Sparse pca patch #5493

Intron7 · 2023-07-06T22:18:48Z

Fixed bug with Sparse PCA function. #5475

I added a new cov_sparse function that replaces the cov function for _sparse_fit.
It used a custom kernel to calculate the gram_matrix within cov_sparse .

rapids-bot · 2023-07-06T22:18:53Z

Pull requests from external contributors require approval from a rapidsai organization member with write permissions or greater before CI can begin.

csadorf · 2023-07-07T15:34:57Z

/ok to test

csadorf · 2023-07-07T17:56:37Z

@Intron7 Thank you very much for the contribution! We'll review shortly, however, it would be great if you could address the linter issues in the mean time. Thanks a lot!

cjnolet

Thanks, Severin, for these changes! Unfortunately, I'm out of the office today and next week, but I have some ideas on ways this could be improved. I'll provide feedback when I'm back.

csadorf

Thanks a lot for the contribution! I would appreciate if you could address the linter complaints and my comments and suggestions.
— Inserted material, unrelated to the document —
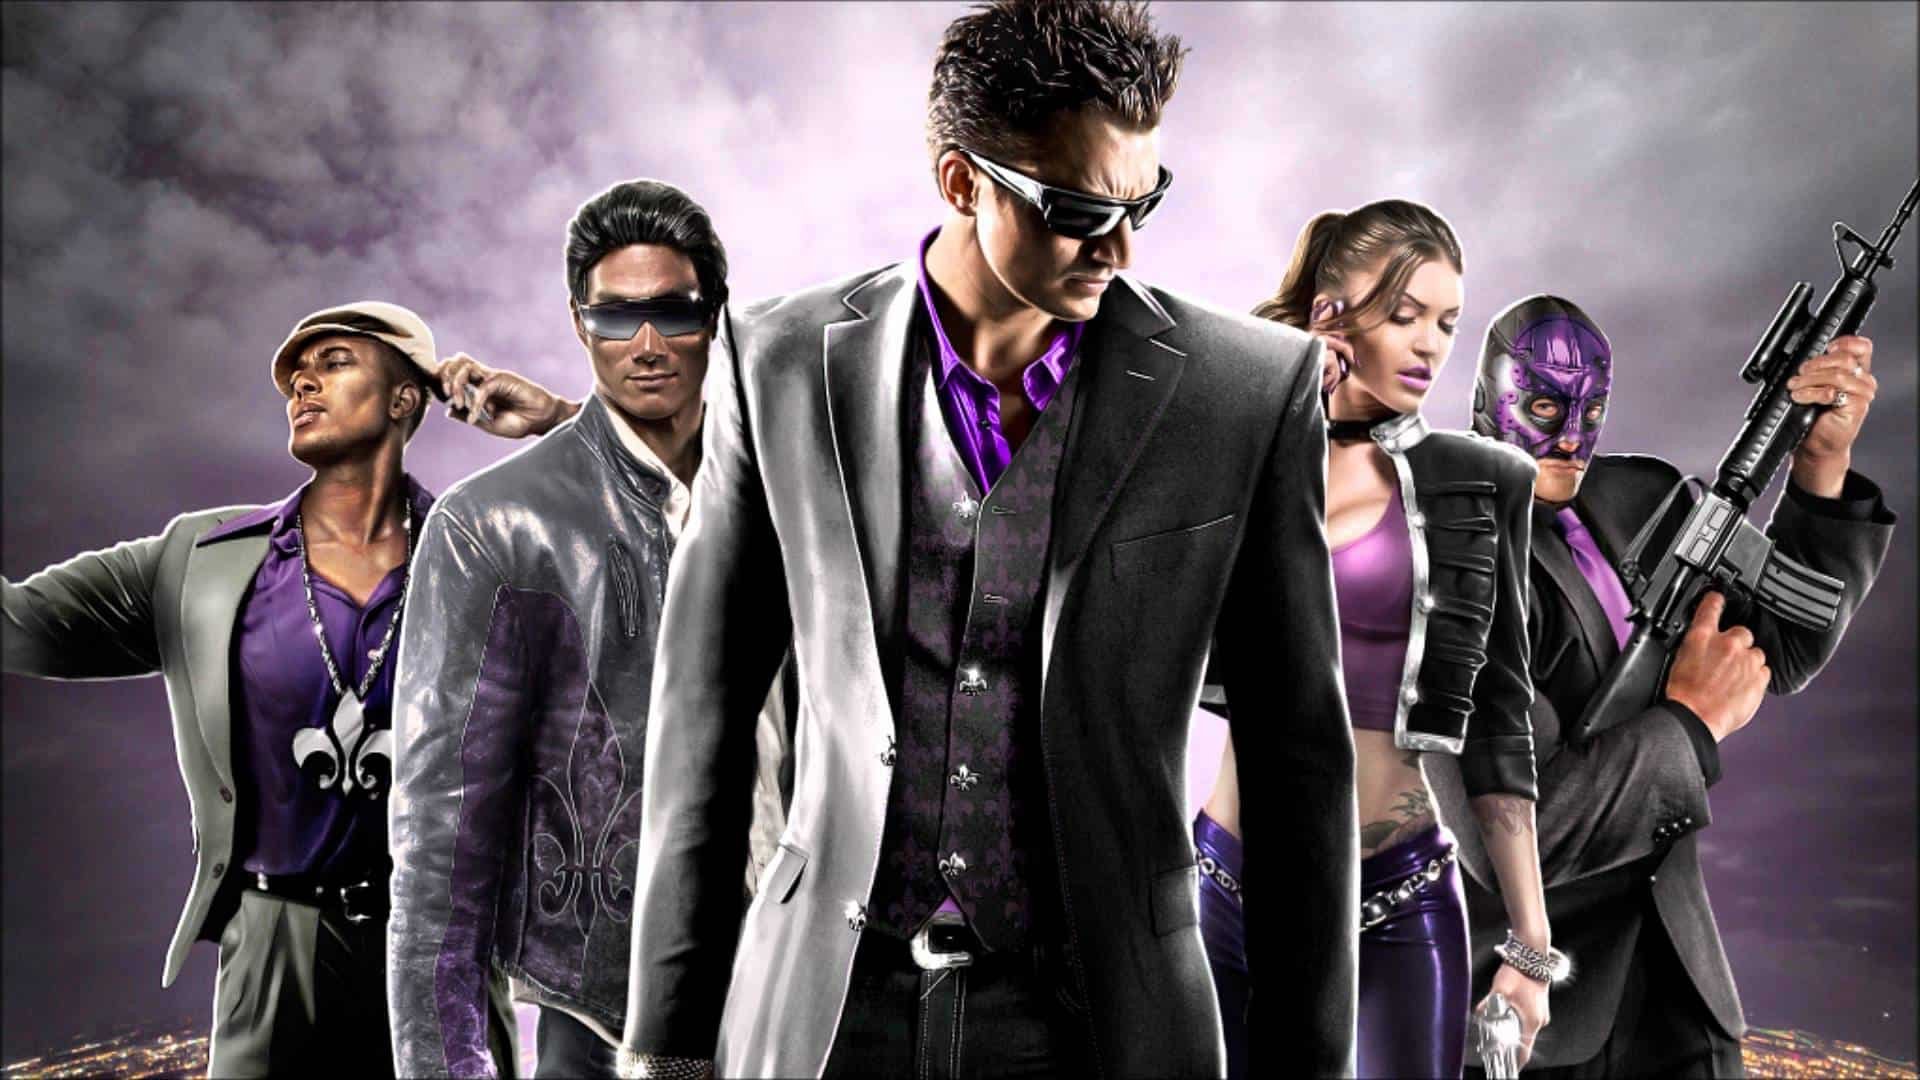 saints row 3 remastered ps5 download

python/cuml/decomposition/pca.pyx

python/cuml/prims/stats/__init__.py

python/cuml/prims/stats/covariance.py

Co-authored-by: Simon Adorf <sadorf@nvidia.com>

python/cuml/prims/stats/covariance.py

python/cuml/prims/stats/__init__.py

csadorf · 2023-07-10T14:39:47Z

/ok to test

Co-authored-by: Simon Adorf <sadorf@nvidia.com>

Intron7 · 2023-07-10T17:45:33Z

In the doc string for cov for return_mean you write (1 / n) * mean(X) etc., however you return the mean and not this. Shall we also fix this?

csadorf · 2023-07-13T14:19:44Z

/ok to test

cjnolet

Thanks for your patience, Severin. I finally got an opportunity to provide feedback about the kernel design.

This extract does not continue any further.